Examines the clinical trial relapse data as a dataset, explains why plasticity windows are actively closed by dedicated biological machinery, and argues that the field’s current model of integration fails because it operates at the wrong level of mechanism.
Nāhua serves more than one kind of person—and more than one kind of problem.
Some guests arrive carrying acute distress: depression, anxiety, trauma, grief. Others arrive functional on the surface but profoundly disoriented beneath it—successful, capable, and stuck in ways that standard explanations fail to capture.
The Signal LossModel (SLM) exists for the latter group.
This index introduces a limited 10-part scientific series exploring the model that explains a specific, predictable form of psychological collapse seen most often in high-functioning, post-achievement, or chronically overextended individuals. It is not a universal theory of mental illness, and it is not the sole rationale for Nāhua. It is one operating system within a broader therapeutic architecture.
What SLM Is and Is Not
SLM is a mechanistic model, not a diagnosis.
It explains how certain minds fail because the environments that once constrained and organized them have either disappeared or become unsustainable. These are not “weak” or “broken” minds.
Specifically, SLM addresses what Nāhua internally refers to as the Achievement Paradox transition: the moment when the cognitive machinery that once produced success begins producing suffering instead.
SLM does not attempt to explain:
Primary trauma disorders (PTSD)
Typical Major Depressive Disorder (MDD)
Generalized Anxiety Disorder (GAD)
Severe psychiatric pathology
Many Nāhua guests fall outside the SLM profile—and are supported using different models, sequences, and emphases.
The Model, Defined
The Signal Loss Model is not a single theory.
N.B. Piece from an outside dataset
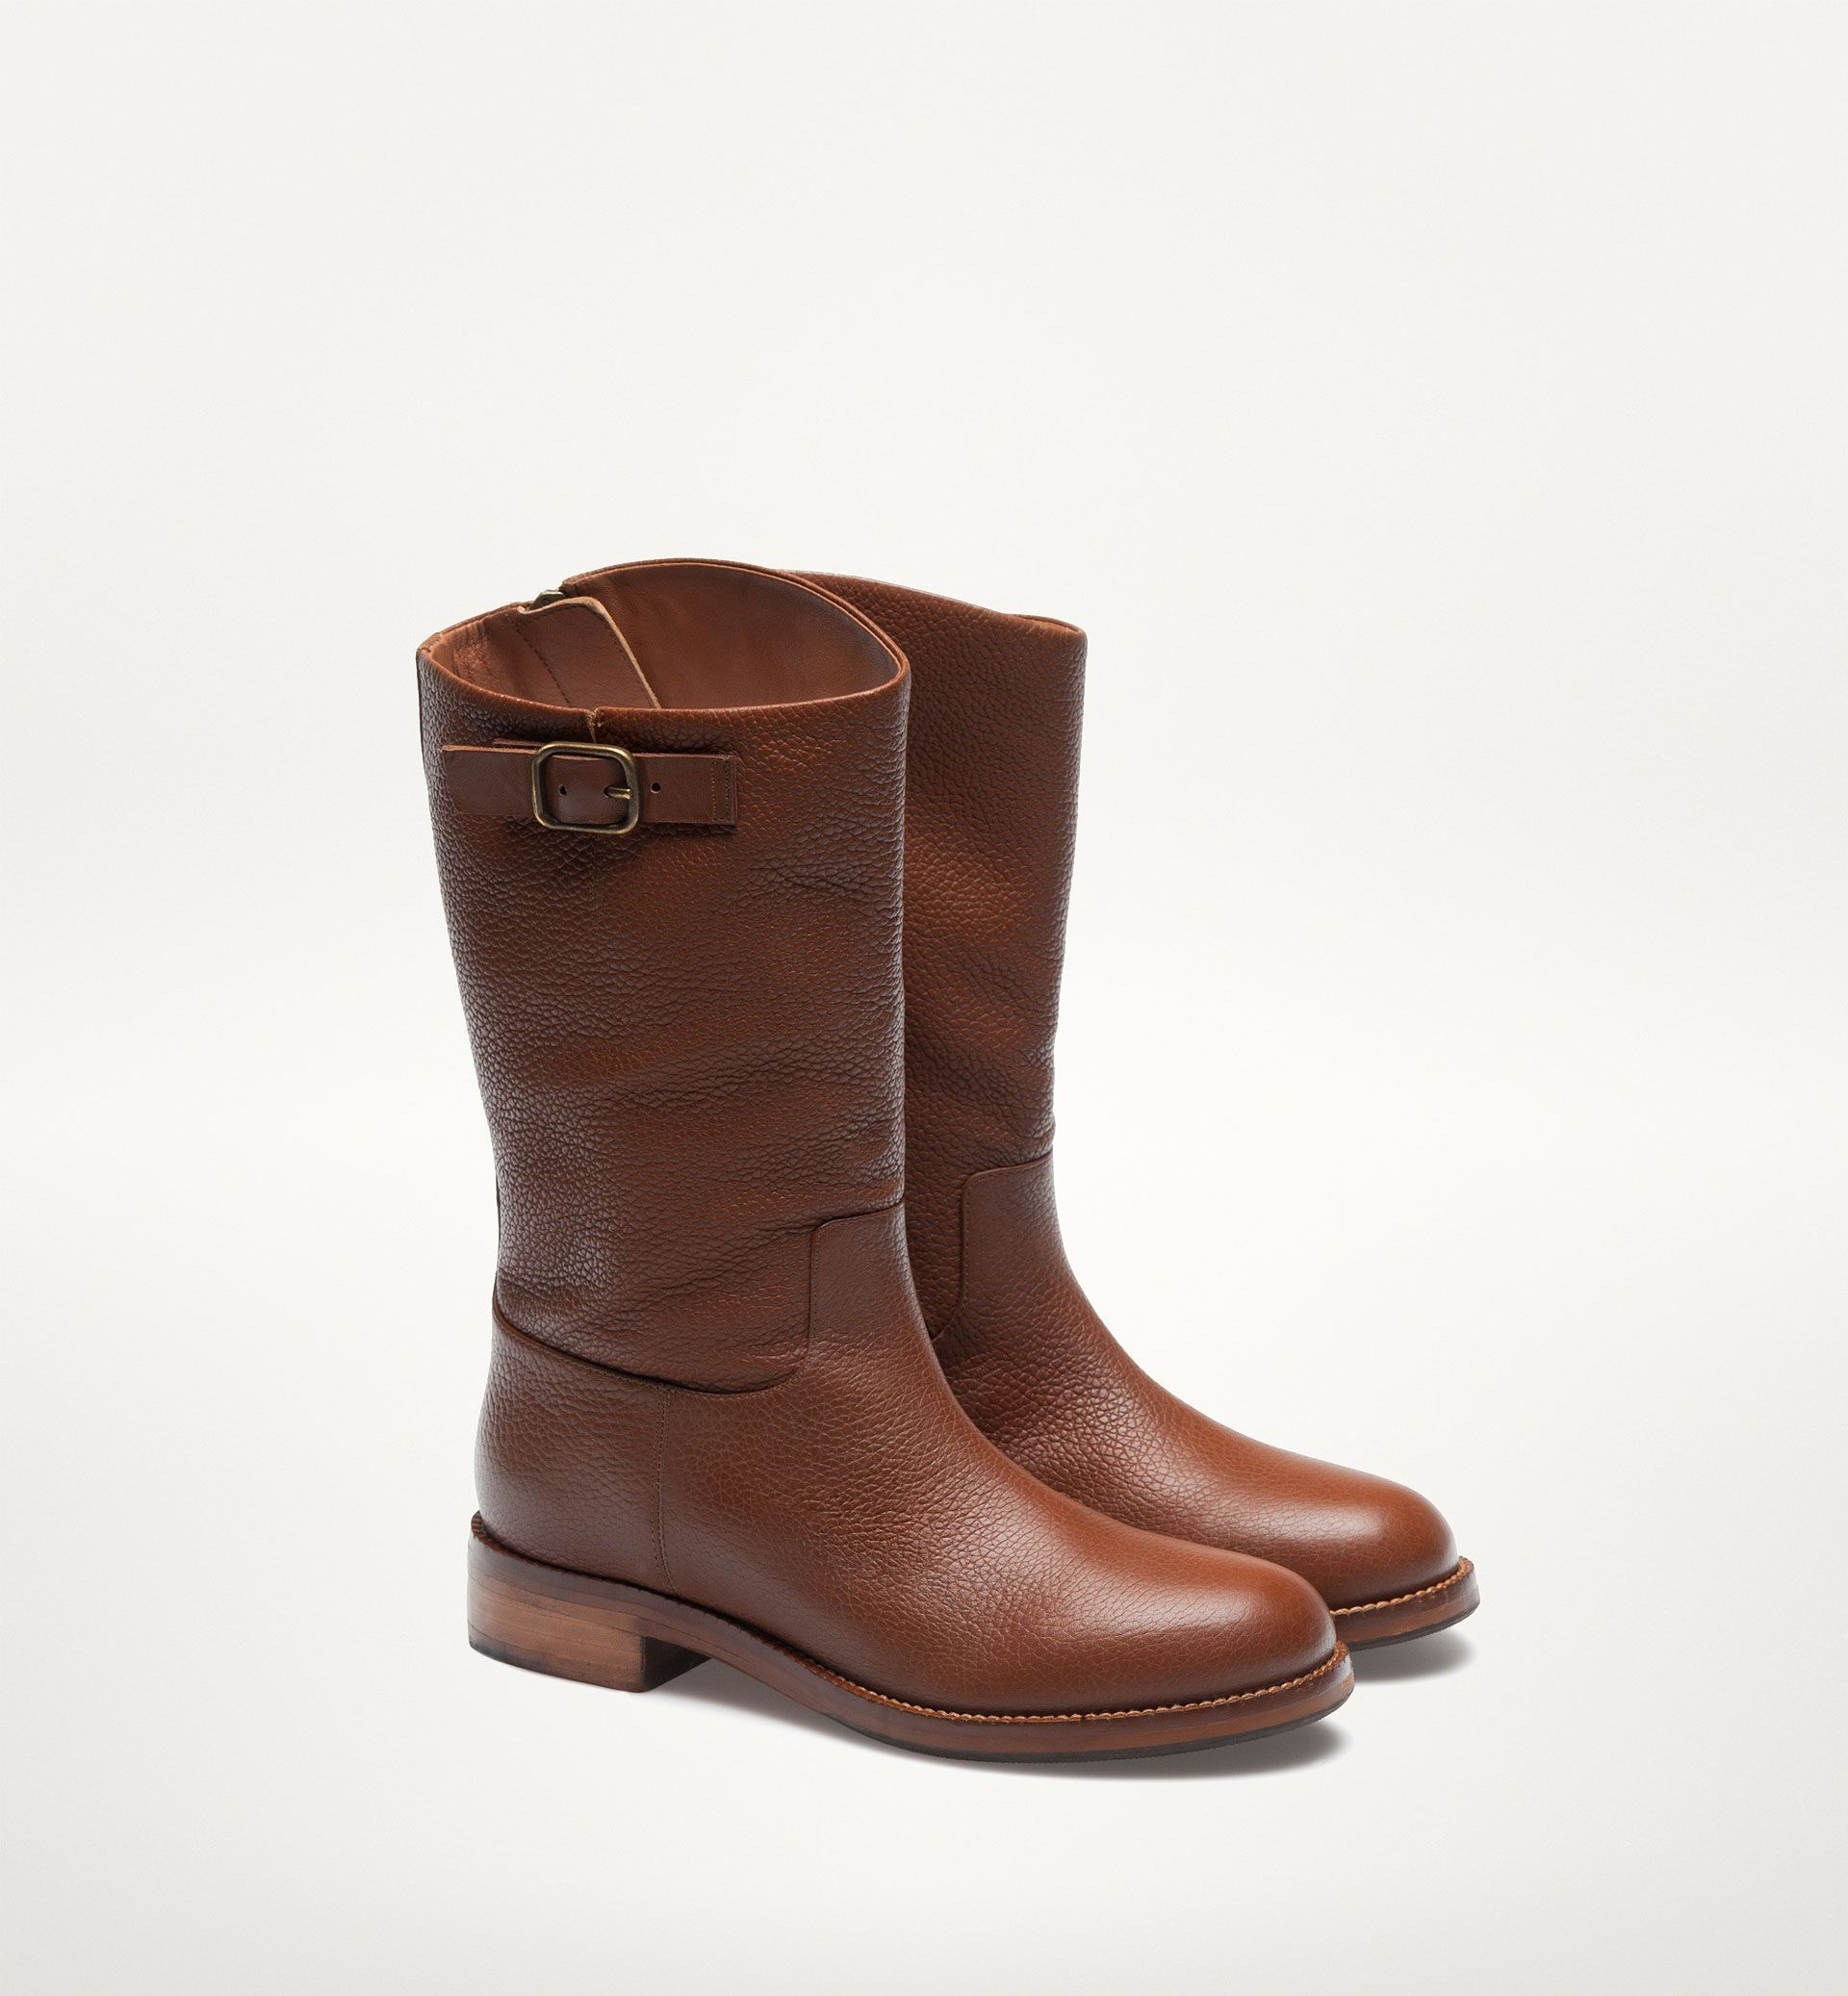 7ec534b4b3e BROWN MID-CALF BIKER BOOTS | That's me! in 2019 | Boots, Shoes ...
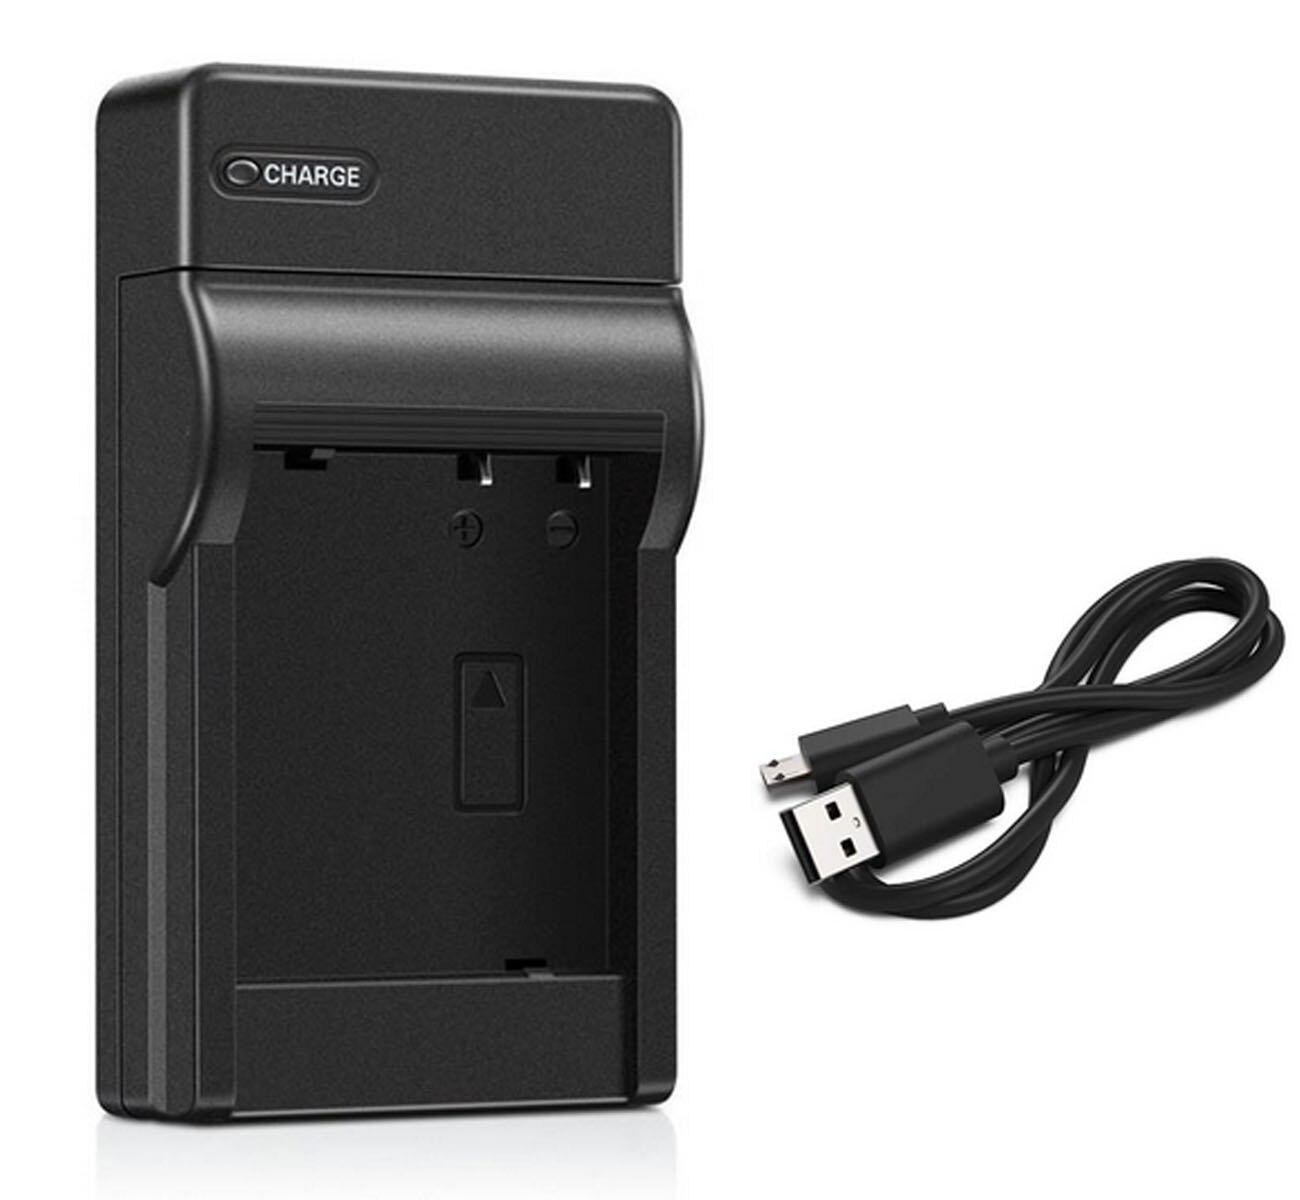 Carregador de bateria para nikon coolpix p7000, p7100, p7700, câmera digital p7800

It is the emergent intersection of three well-defined mechanisms, each insufficient on its own, but explanatory in combination.
SLM = UC + ND + PRD
1. Untethered Cognition (UC)
A cognitive-architectural account of how advanced human cognition , often referred to as “simulation” in the scientific literature (planning, abstraction, narrative identity), depends on continuous real-world calibration—and what happens when that constraint is lifted or becomes pathological.
2. Neuroimmune Dysregulation (ND)
A biological account of how chronic stress, unresolvable threat modeling, and autonomic imbalance produce persistent low-grade inflammation that suppresses neuroplasticity and locks maladaptive patterns in place.
3. Pursuit-Reward Decoupling (PRD)
A motivational account of how sustained cortisol elevation downregulates dopamine signaling, causing the external world to lose motivational pull—driving the mind further inward and reinforcing the collapse.
Together, these three mechanisms describe a self-reinforcing system failure:
uncalibrated thinking → chronic stress → inflammation → reward collapse → further internalization.
SLM names that loop, explains why it is stable, and clarifies why many otherwise effective interventions fail when applied in the wrong biological window or environmental context.
Why This Series Exists
This series is not required reading to attend Nāhua.
It exists for three reasons:
For guests who recognize themselves in this pattern and want a rigorous explanation for why insight alone hasn’t been enough.
For clinicians and scientists evaluating Nāhua’s protocol design and theoretical grounding.
For readers interested in the architecture of modern psychological collapse, particularly among high-functioning populations.
Each essay builds on the last. The series is cumulative by design and best read in order.